Il ragazzo, come al solito, obbedì senza esitazione. Il tetto era evidentemente troppo piccolo per entrambi. Shaw era un metro e novanta abbondante, senza contare che quello spolverino lo faceva apparire enorme, tipo di dieci o venti centimetri più alto. Inutile dire che non sarebbe entrato nella cunetta. Il figlio lo guardava con l’espressione di chi è pronto ad accettare qualsiasi cosa, mentre il vecchio tirò fuori dalla tasca quell’assurdo aggeggio a forma di pistola. Geremiah era giovane, ma sapeva il fatto suo in tema di sputafuoco, e quella non aveva l’aspetto di niente che avesse mai visto.


Anni fa... – disse il padre per smorzare lo smarrimento, - ... io e un vecchio compare ci mettemmo in un giro d’affari più grande di noi. Un tizio ci disse precisamente dove una grossa diligenza sarebbe passata e cosa ci avremmo trovato dentro: gente ricca. Gente schifosamente ricca. Avremmo potuto tenere tutto, ci disse, a patto che gli avessimo portato una cassettina di legno finemente lavorato, appartenente a uno dei passeggeri a bordo. Era un piatto ghiotto e, all’epoca, non mi facevo troppe domande sugli ingaggi. Una cassettina in cambio di un mucchio di soldi? Non dovevi essere il più studiato dei professori per capire che fosse un affare.


Shaw prese la mano del figlio e ci pose l’arma.


Io e il mio compare litigammo duro, quella volta. Una di quelle litigate che si risolvono solo con un buco in testa e tanto whiskey.

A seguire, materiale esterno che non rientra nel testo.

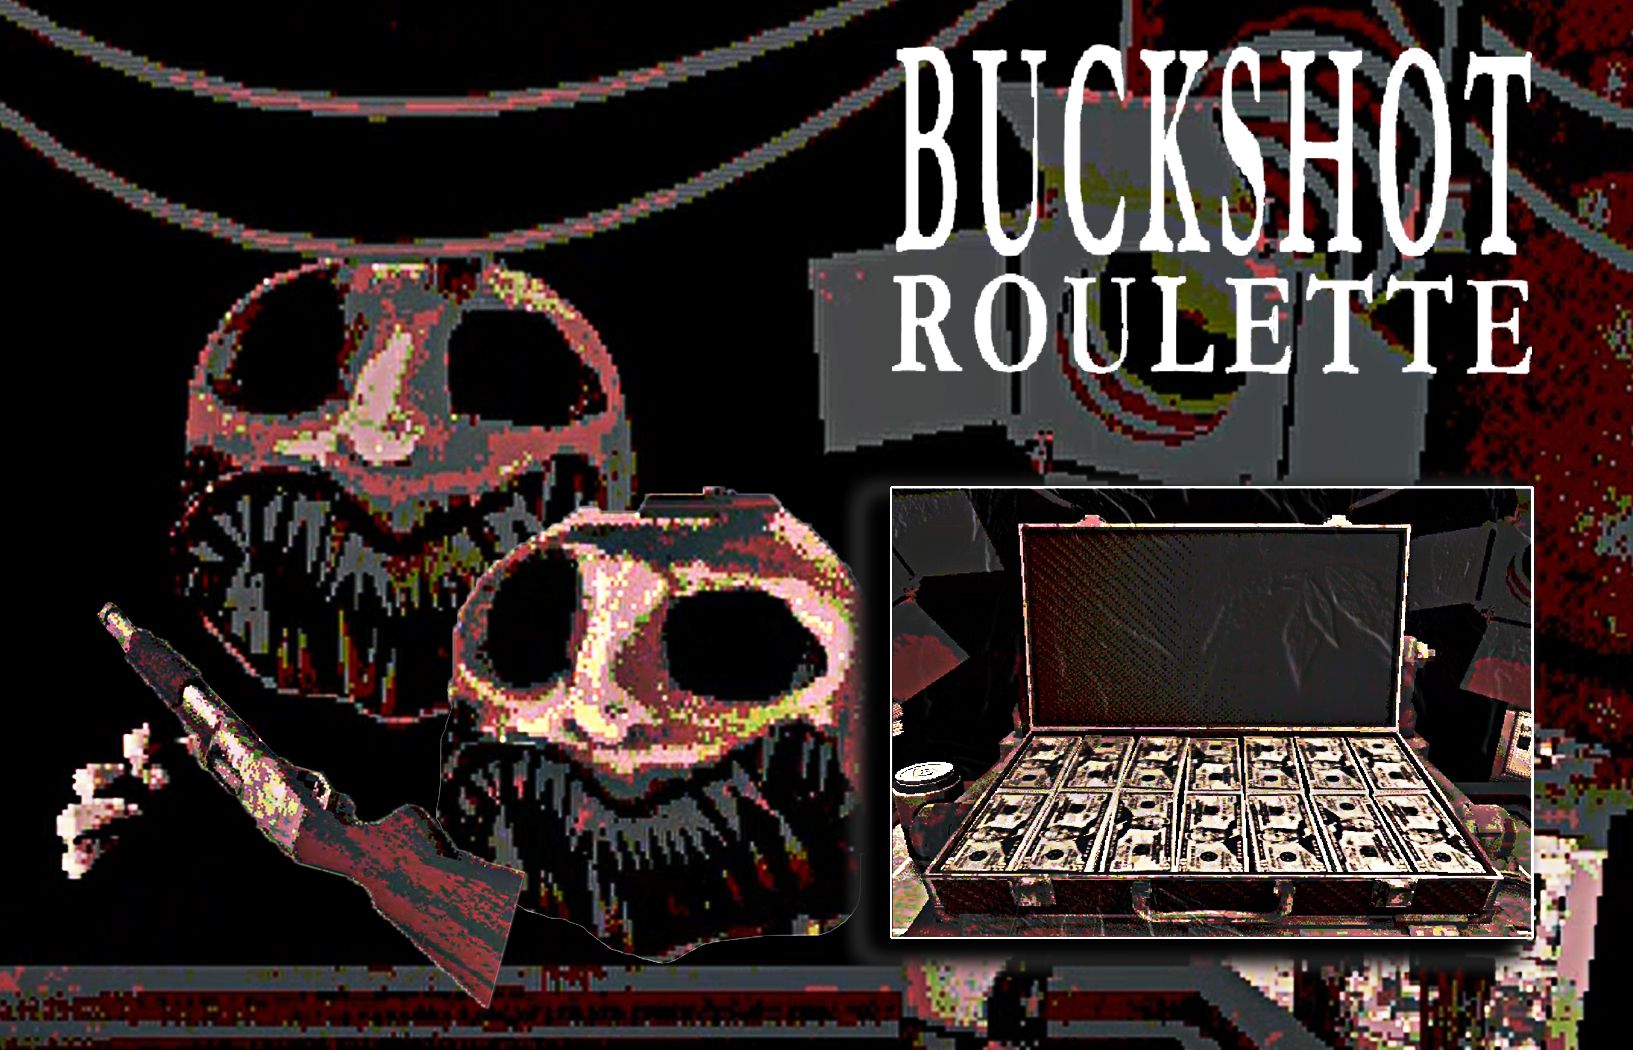 buckshot roulette有哪些道具可以获得 全部道具效果介绍
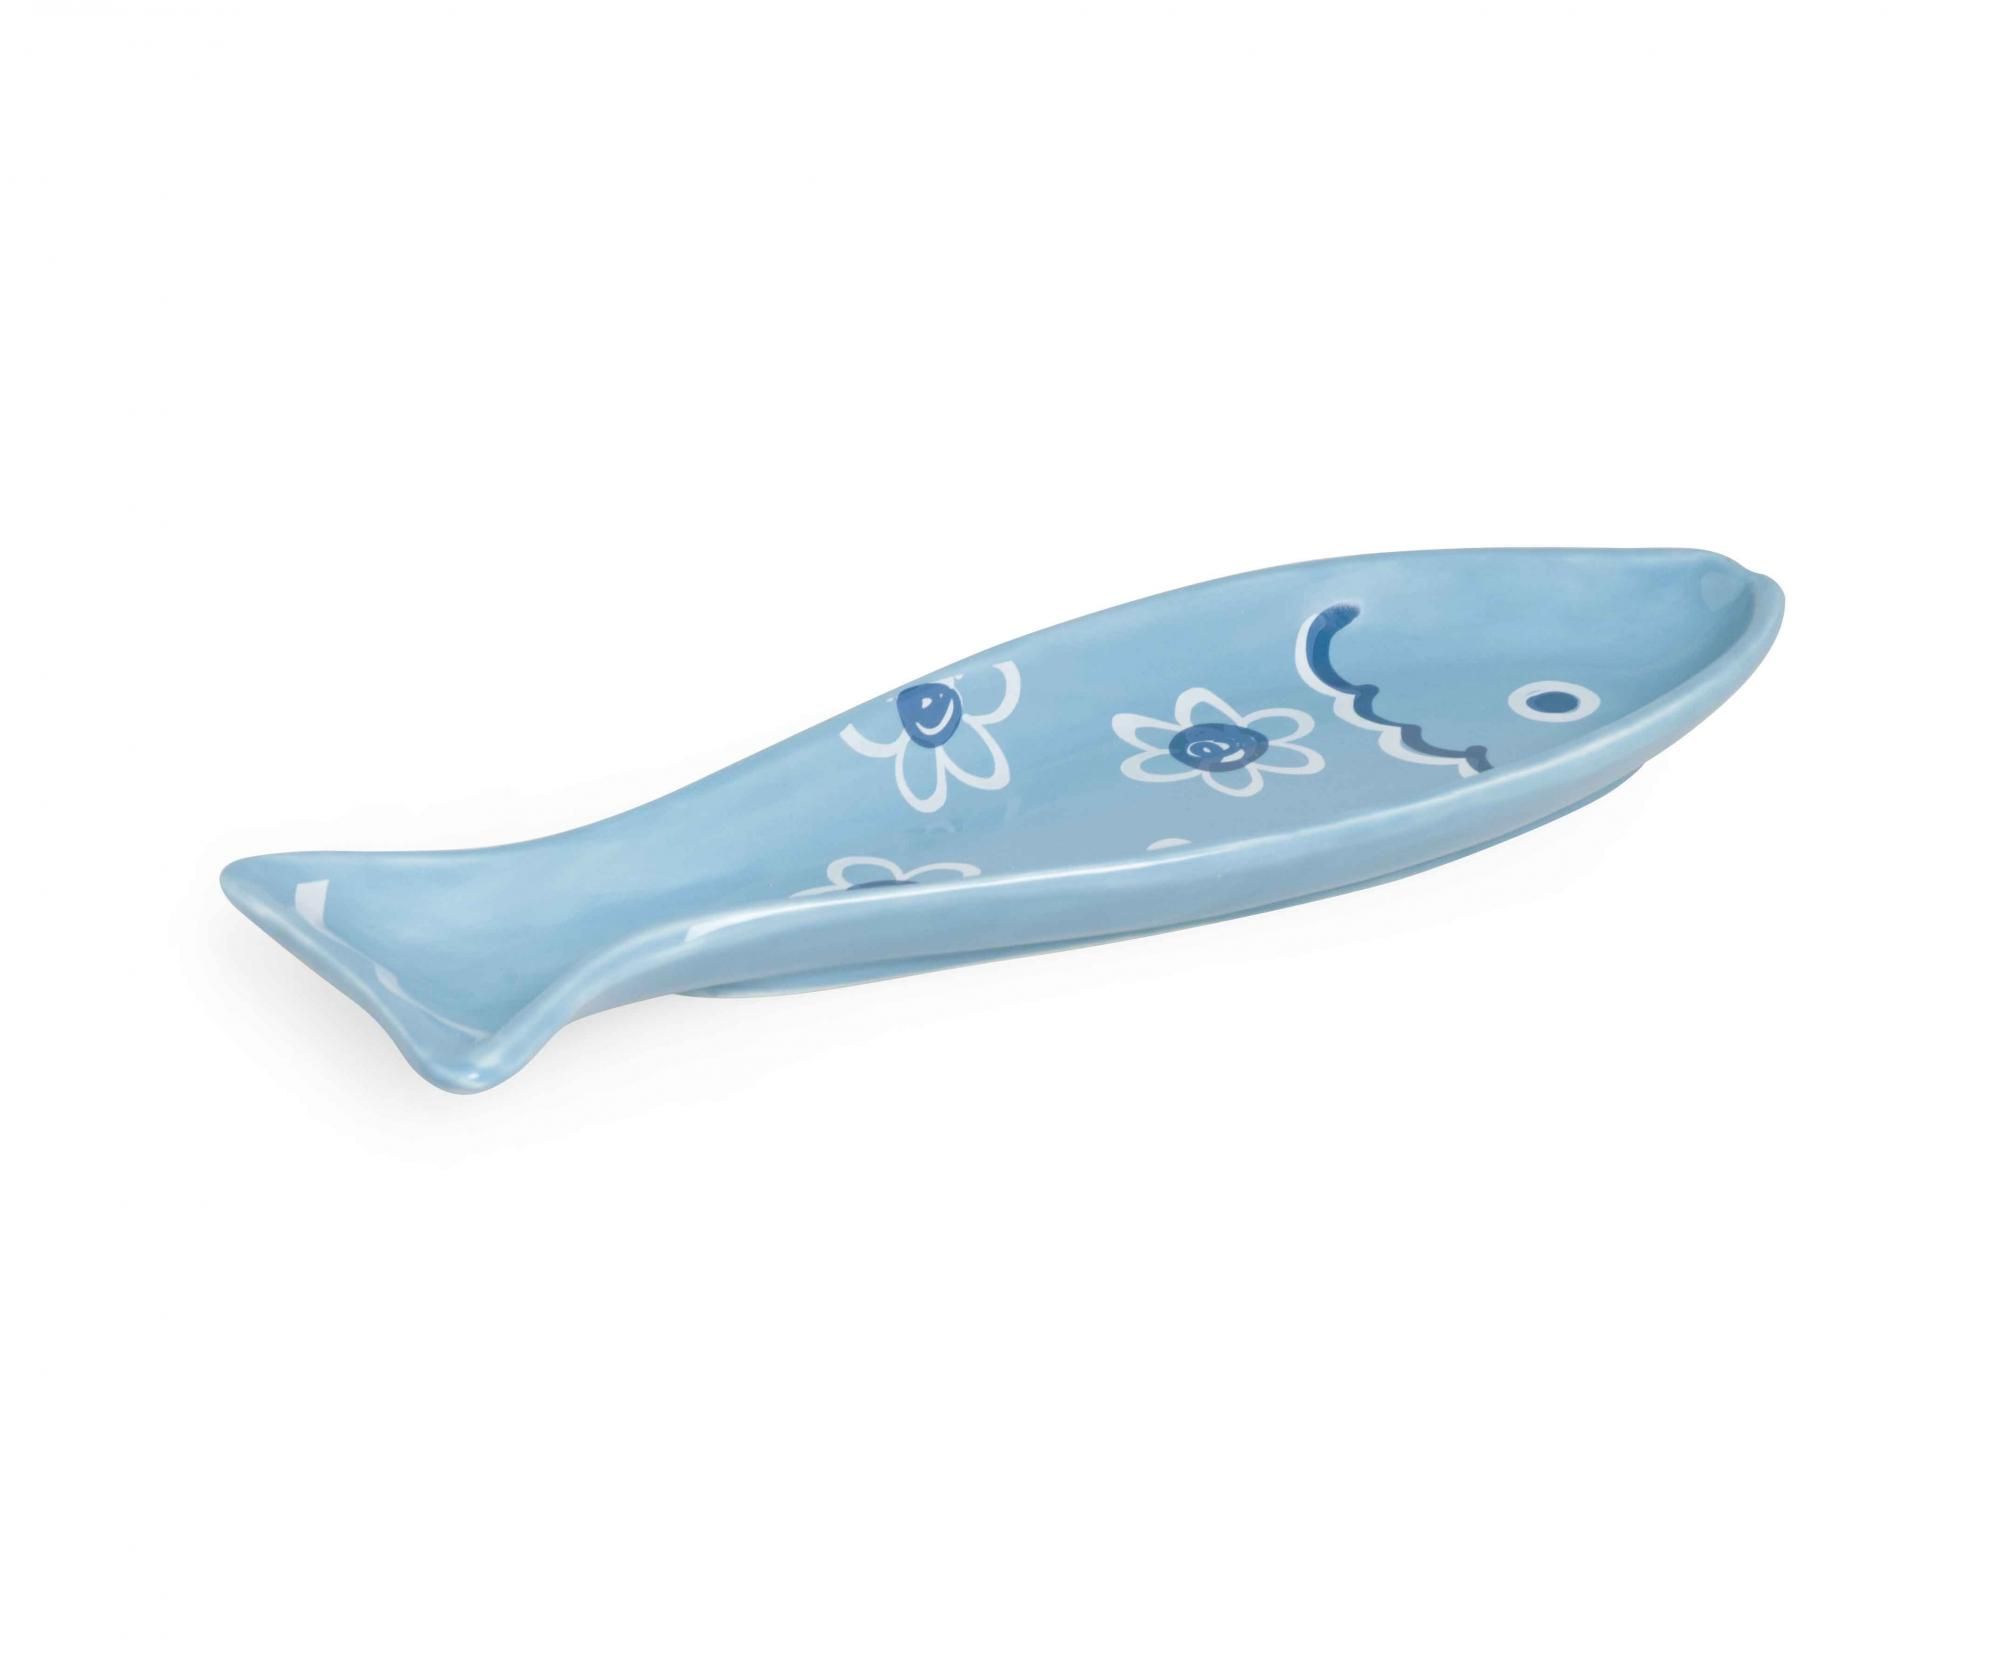 Suport pentru lingura Ocean Fish – Excelsa, Albastru Excelsa

Purtroppo, aperta la cassetta successe qualcosa che non avevo affatto previsto... mi innamorai del suo contenuto. Il passeggero a cui la presi si chiamava Emilio Rosaglio, un italiano in viaggio verso il Connecticut per incontrare un fabbricante d’armi cui vendere un rivoluzionario modello di pistola in grado di sparare sei colpi in meno di sei secondi. La chiamava schioppo a sei cariche successive di una sola canna... è tua, adesso.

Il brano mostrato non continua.